Luppa P, Oettrich K, Schwab I, Langmandel U, Neumeier D
Institute for Clinical Chemistry, Klinikum Grosshadern, University of Munich, FRG.
Acta Endocrinol (Copenh). 1989 Dec;121(6):791-6. doi: 10.1530/acta.0.1210791.

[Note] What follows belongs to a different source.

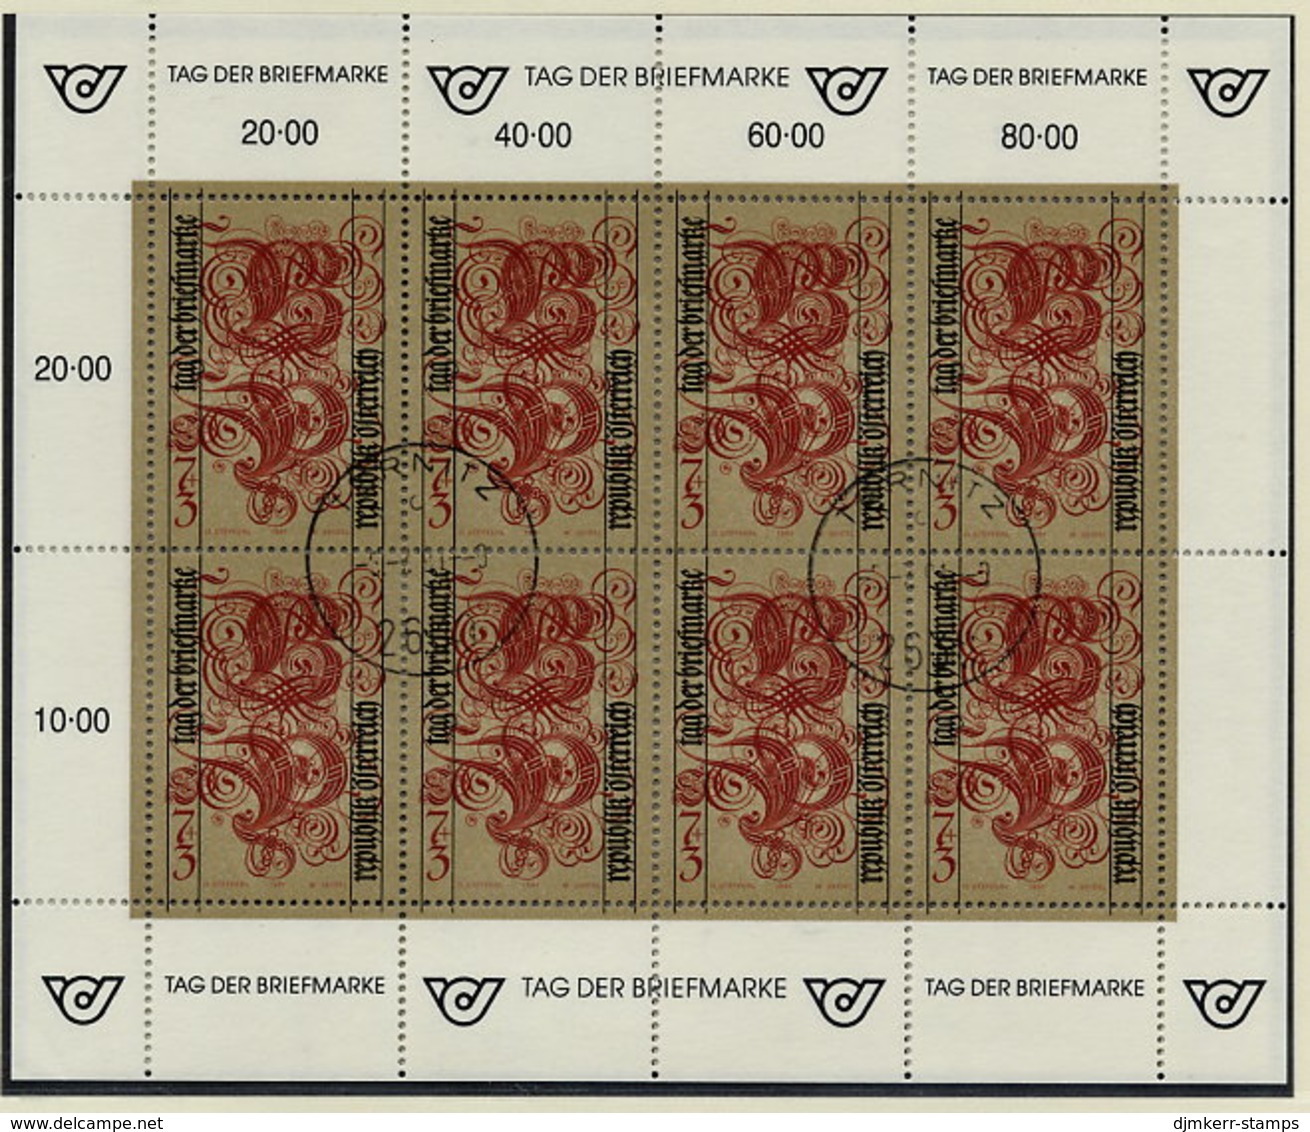 AUSTRIA 1991 Stamp Day Sheetlet, Postally Used On Registered Card.  Michel 2032 Kb - Blocks & Kleinbögen
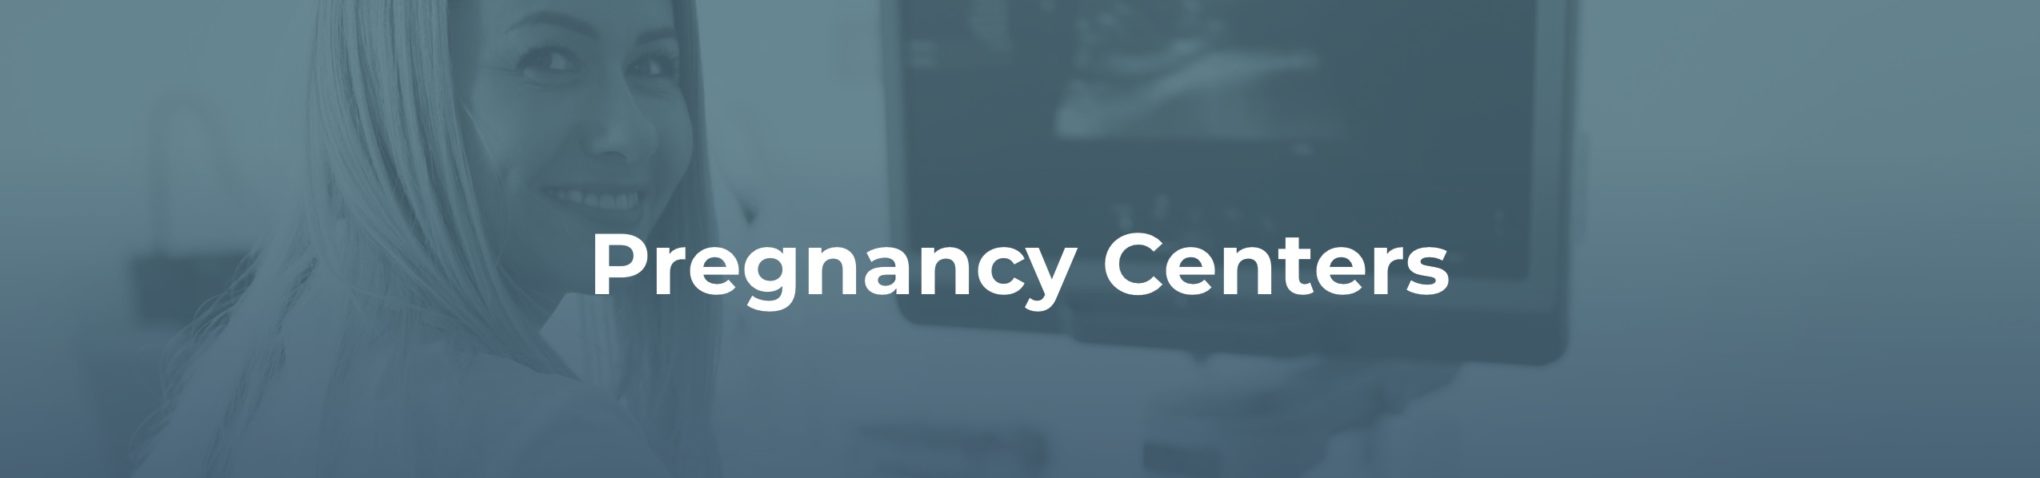 pregnancy center marketing information

The human hepatoma cell line HEP G2 was investigated in an indirect immunofluorescence study for localization of the sex hormone-binding globulin. Cells were grown directly to confluency on the slides used for the immunocytochemical staining. A fine granular cytoplasmatic fluorescence pattern revealed the presence of sex hormone-binding globulin. Chang-liver cells used as controls, incubated under the same conditions, did not fluoresce. The synthesis of the hormone-binding protein in HEP G2 cells, which could be stimulated by L-thyroxine in the culture medium, was monitored by either indirect immunofluorescence or by immunoradiometric determination of sex hormone-binding globulin in the supernatant. These studies demonstrate that immunofluorescence techniques are able to detect sex hormone-binding globulin in human hepatoma cells.
在一项间接免疫荧光研究中,对人肝癌细胞系HEP G2进行了检测,以确定性激素结合球蛋白的定位。细胞直接在用于免疫细胞化学染色的载玻片上生长至汇合。精细的颗粒状细胞质荧光模式显示存在性激素结合球蛋白。作为对照的Chang肝细胞,在相同条件下孵育,未发出荧光。通过间接免疫荧光或通过免疫放射测定培养基上清液中的性激素结合球蛋白,监测HEP G2细胞中可被培养基中的L-甲状腺素刺激的激素结合蛋白的合成。这些研究表明,免疫荧光技术能够检测人肝癌细胞中的性激素结合球蛋白。